*EXERCISE INSTRUCTIONS*:
Line by line, return the data exactly as shown.

** Opening RECORDED INFORMATION block **

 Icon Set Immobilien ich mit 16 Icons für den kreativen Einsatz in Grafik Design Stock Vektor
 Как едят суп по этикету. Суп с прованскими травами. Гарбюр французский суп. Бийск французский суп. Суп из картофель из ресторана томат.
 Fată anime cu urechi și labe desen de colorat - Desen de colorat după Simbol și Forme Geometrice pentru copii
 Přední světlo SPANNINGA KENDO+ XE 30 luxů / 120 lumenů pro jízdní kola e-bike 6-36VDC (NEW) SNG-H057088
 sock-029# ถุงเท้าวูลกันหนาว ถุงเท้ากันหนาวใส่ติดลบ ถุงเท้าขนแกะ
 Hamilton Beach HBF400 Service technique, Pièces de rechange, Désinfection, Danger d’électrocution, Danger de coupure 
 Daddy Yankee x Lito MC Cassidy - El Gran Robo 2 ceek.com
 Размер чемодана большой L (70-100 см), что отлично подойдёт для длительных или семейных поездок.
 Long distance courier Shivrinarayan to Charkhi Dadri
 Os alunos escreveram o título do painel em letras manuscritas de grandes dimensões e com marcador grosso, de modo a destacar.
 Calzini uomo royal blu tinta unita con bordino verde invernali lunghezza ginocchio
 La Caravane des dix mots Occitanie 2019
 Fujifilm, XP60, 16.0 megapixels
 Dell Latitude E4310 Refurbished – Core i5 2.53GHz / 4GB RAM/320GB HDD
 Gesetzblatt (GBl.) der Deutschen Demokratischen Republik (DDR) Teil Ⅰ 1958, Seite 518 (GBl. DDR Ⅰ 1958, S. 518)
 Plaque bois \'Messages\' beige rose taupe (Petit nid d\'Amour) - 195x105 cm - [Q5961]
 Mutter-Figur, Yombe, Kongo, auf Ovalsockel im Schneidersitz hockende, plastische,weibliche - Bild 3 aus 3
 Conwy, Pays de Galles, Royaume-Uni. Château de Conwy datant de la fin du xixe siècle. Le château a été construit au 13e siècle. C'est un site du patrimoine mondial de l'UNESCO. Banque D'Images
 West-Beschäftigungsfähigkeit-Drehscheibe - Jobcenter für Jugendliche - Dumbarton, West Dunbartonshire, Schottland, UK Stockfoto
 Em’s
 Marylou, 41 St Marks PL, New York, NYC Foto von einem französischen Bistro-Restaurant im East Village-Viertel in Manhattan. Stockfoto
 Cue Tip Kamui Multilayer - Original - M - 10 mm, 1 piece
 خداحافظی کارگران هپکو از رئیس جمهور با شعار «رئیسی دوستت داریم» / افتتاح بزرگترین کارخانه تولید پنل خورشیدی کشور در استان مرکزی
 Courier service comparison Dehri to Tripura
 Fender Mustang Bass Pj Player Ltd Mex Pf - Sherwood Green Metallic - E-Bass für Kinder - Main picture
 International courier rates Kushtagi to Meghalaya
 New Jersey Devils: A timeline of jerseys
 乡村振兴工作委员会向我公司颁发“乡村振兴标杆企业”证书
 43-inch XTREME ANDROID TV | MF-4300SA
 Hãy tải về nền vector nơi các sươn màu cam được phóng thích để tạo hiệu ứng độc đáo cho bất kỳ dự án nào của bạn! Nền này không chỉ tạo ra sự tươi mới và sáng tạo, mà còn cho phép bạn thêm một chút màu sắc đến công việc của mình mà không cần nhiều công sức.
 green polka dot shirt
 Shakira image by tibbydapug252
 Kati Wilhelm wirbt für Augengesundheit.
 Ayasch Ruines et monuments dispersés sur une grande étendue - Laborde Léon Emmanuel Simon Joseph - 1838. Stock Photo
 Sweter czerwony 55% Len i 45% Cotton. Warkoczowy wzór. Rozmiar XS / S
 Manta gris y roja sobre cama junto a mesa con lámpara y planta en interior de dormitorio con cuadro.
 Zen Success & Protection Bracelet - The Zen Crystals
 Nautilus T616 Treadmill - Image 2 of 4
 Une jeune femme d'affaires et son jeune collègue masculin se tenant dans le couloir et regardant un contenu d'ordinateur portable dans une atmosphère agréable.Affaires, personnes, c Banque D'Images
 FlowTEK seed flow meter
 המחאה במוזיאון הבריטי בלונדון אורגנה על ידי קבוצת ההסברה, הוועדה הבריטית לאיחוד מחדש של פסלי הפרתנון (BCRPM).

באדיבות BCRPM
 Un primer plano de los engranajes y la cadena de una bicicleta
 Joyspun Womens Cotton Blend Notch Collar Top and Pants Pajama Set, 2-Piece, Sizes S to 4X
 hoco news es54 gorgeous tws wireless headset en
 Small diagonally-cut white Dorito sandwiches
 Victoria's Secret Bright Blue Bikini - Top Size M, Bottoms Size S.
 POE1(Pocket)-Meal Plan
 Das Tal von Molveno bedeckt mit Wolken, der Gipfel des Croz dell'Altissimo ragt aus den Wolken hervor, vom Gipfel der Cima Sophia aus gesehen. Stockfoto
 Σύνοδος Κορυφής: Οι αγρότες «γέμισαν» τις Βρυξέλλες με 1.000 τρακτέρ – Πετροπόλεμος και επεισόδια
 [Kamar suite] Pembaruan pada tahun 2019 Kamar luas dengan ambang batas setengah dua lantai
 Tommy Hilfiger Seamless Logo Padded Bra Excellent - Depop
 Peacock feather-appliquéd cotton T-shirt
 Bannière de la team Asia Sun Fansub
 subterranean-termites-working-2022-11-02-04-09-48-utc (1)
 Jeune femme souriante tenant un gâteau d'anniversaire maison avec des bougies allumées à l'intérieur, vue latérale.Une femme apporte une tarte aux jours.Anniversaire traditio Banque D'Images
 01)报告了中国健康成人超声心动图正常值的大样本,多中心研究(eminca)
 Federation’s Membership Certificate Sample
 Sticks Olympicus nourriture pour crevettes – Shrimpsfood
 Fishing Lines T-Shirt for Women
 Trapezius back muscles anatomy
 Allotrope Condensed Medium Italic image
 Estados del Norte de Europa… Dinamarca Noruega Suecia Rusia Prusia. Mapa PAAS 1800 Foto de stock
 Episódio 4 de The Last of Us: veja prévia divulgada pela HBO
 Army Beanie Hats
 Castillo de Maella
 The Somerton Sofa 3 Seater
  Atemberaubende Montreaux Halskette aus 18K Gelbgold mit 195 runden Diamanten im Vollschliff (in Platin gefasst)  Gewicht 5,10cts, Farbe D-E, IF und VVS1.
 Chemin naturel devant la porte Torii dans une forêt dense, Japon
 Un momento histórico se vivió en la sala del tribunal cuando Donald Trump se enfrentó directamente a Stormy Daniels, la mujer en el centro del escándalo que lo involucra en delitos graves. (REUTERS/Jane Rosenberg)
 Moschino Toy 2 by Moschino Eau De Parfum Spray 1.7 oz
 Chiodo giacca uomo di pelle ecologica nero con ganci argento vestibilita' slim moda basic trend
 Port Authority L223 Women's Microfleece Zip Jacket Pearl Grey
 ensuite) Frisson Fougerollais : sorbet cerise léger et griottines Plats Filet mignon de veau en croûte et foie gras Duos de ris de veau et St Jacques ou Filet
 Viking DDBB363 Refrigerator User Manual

** Closing RECORDED INFORMATION block **

*TASK OUTPUT*:
 Icon Set Immobilien ich mit 16 Icons für den kreativen Einsatz in Grafik Design Stock Vektor
 Как едят суп по этикету. Суп с прованскими травами. Гарбюр французский суп. Бийск французский суп. Суп из картофель из ресторана томат.
 Fată anime cu urechi și labe desen de colorat - Desen de colorat după Simbol și Forme Geometrice pentru copii
 Přední světlo SPANNINGA KENDO+ XE 30 luxů / 120 lumenů pro jízdní kola e-bike 6-36VDC (NEW) SNG-H057088
 sock-029# ถุงเท้าวูลกันหนาว ถุงเท้ากันหนาวใส่ติดลบ ถุงเท้าขนแกะ
 Hamilton Beach HBF400 Service technique, Pièces de rechange, Désinfection, Danger d’électrocution, Danger de coupure 
 Daddy Yankee x Lito MC Cassidy - El Gran Robo 2 ceek.com
 Размер чемодана большой L (70-100 см), что отлично подойдёт для длительных или семейных поездок.
 Long distance courier Shivrinarayan to Charkhi Dadri
 Os alunos escreveram o título do painel em letras manuscritas de grandes dimensões e com marcador grosso, de modo a destacar.
 Calzini uomo royal blu tinta unita con bordino verde invernali lunghezza ginocchio
 La Caravane des dix mots Occitanie 2019
 Fujifilm, XP60, 16.0 megapixels
 Dell Latitude E4310 Refurbished – Core i5 2.53GHz / 4GB RAM/320GB HDD
 Gesetzblatt (GBl.) der Deutschen Demokratischen Republik (DDR) Teil Ⅰ 1958, Seite 518 (GBl. DDR Ⅰ 1958, S. 518)
 Plaque bois \'Messages\' beige rose taupe (Petit nid d\'Amour) - 195x105 cm - [Q5961]
 Mutter-Figur, Yombe, Kongo, auf Ovalsockel im Schneidersitz hockende, plastische,weibliche - Bild 3 aus 3
 Conwy, Pays de Galles, Royaume-Uni. Château de Conwy datant de la fin du xixe siècle. Le château a été construit au 13e siècle. C'est un site du patrimoine mondial de l'UNESCO. Banque D'Images
 West-Beschäftigungsfähigkeit-Drehscheibe - Jobcenter für Jugendliche - Dumbarton, West Dunbartonshire, Schottland, UK Stockfoto
 Em’s
 Marylou, 41 St Marks PL, New York, NYC Foto von einem französischen Bistro-Restaurant im East Village-Viertel in Manhattan. Stockfoto
 Cue Tip Kamui Multilayer - Original - M - 10 mm, 1 piece
 خداحافظی کارگران هپکو از رئیس جمهور با شعار «رئیسی دوستت داریم» / افتتاح بزرگترین کارخانه تولید پنل خورشیدی کشور در استان مرکزی
 Courier service comparison Dehri to Tripura
 Fender Mustang Bass Pj Player Ltd Mex Pf - Sherwood Green Metallic - E-Bass für Kinder - Main picture
 International courier rates Kushtagi to Meghalaya
 New Jersey Devils: A timeline of jerseys
 乡村振兴工作委员会向我公司颁发“乡村振兴标杆企业”证书
 43-inch XTREME ANDROID TV | MF-4300SA
 Hãy tải về nền vector nơi các sươn màu cam được phóng thích để tạo hiệu ứng độc đáo cho bất kỳ dự án nào của bạn! Nền này không chỉ tạo ra sự tươi mới và sáng tạo, mà còn cho phép bạn thêm một chút màu sắc đến công việc của mình mà không cần nhiều công sức.
 green polka dot shirt
 Shakira image by tibbydapug252
 Kati Wilhelm wirbt für Augengesundheit.
 Ayasch Ruines et monuments dispersés sur une grande étendue - Laborde Léon Emmanuel Simon Joseph - 1838. Stock Photo
 Sweter czerwony 55% Len i 45% Cotton. Warkoczowy wzór. Rozmiar XS / S
 Manta gris y roja sobre cama junto a mesa con lámpara y planta en interior de dormitorio con cuadro.
 Zen Success & Protection Bracelet - The Zen Crystals
 Nautilus T616 Treadmill - Image 2 of 4
 Une jeune femme d'affaires et son jeune collègue masculin se tenant dans le couloir et regardant un contenu d'ordinateur portable dans une atmosphère agréable.Affaires, personnes, c Banque D'Images
 FlowTEK seed flow meter
 המחאה במוזיאון הבריטי בלונדון אורגנה על ידי קבוצת ההסברה, הוועדה הבריטית לאיחוד מחדש של פסלי הפרתנון (BCRPM).

באדיבות BCRPM
 Un primer plano de los engranajes y la cadena de una bicicleta
 Joyspun Womens Cotton Blend Notch Collar Top and Pants Pajama Set, 2-Piece, Sizes S to 4X
 hoco news es54 gorgeous tws wireless headset en
 Small diagonally-cut white Dorito sandwiches
 Victoria's Secret Bright Blue Bikini - Top Size M, Bottoms Size S.
 POE1(Pocket)-Meal Plan
 Das Tal von Molveno bedeckt mit Wolken, der Gipfel des Croz dell'Altissimo ragt aus den Wolken hervor, vom Gipfel der Cima Sophia aus gesehen. Stockfoto
 Σύνοδος Κορυφής: Οι αγρότες «γέμισαν» τις Βρυξέλλες με 1.000 τρακτέρ – Πετροπόλεμος και επεισόδια
 [Kamar suite] Pembaruan pada tahun 2019 Kamar luas dengan ambang batas setengah dua lantai
 Tommy Hilfiger Seamless Logo Padded Bra Excellent - Depop
 Peacock feather-appliquéd cotton T-shirt
 Bannière de la team Asia Sun Fansub
 subterranean-termites-working-2022-11-02-04-09-48-utc (1)
 Jeune femme souriante tenant un gâteau d'anniversaire maison avec des bougies allumées à l'intérieur, vue latérale.Une femme apporte une tarte aux jours.Anniversaire traditio Banque D'Images
 01)报告了中国健康成人超声心动图正常值的大样本,多中心研究(eminca)
 Federation’s Membership Certificate Sample
 Sticks Olympicus nourriture pour crevettes – Shrimpsfood
 Fishing Lines T-Shirt for Women
 Trapezius back muscles anatomy
 Allotrope Condensed Medium Italic image
 Estados del Norte de Europa… Dinamarca Noruega Suecia Rusia Prusia. Mapa PAAS 1800 Foto de stock
 Episódio 4 de The Last of Us: veja prévia divulgada pela HBO
 Army Beanie Hats
 Castillo de Maella
 The Somerton Sofa 3 Seater
  Atemberaubende Montreaux Halskette aus 18K Gelbgold mit 195 runden Diamanten im Vollschliff (in Platin gefasst)  Gewicht 5,10cts, Farbe D-E, IF und VVS1.
 Chemin naturel devant la porte Torii dans une forêt dense, Japon
 Un momento histórico se vivió en la sala del tribunal cuando Donald Trump se enfrentó directamente a Stormy Daniels, la mujer en el centro del escándalo que lo involucra en delitos graves. (REUTERS/Jane Rosenberg)
 Moschino Toy 2 by Moschino Eau De Parfum Spray 1.7 oz
 Chiodo giacca uomo di pelle ecologica nero con ganci argento vestibilita' slim moda basic trend
 Port Authority L223 Women's Microfleece Zip Jacket Pearl Grey
 ensuite) Frisson Fougerollais : sorbet cerise léger et griottines Plats Filet mignon de veau en croûte et foie gras Duos de ris de veau et St Jacques ou Filet
 Viking DDBB363 Refrigerator User Manual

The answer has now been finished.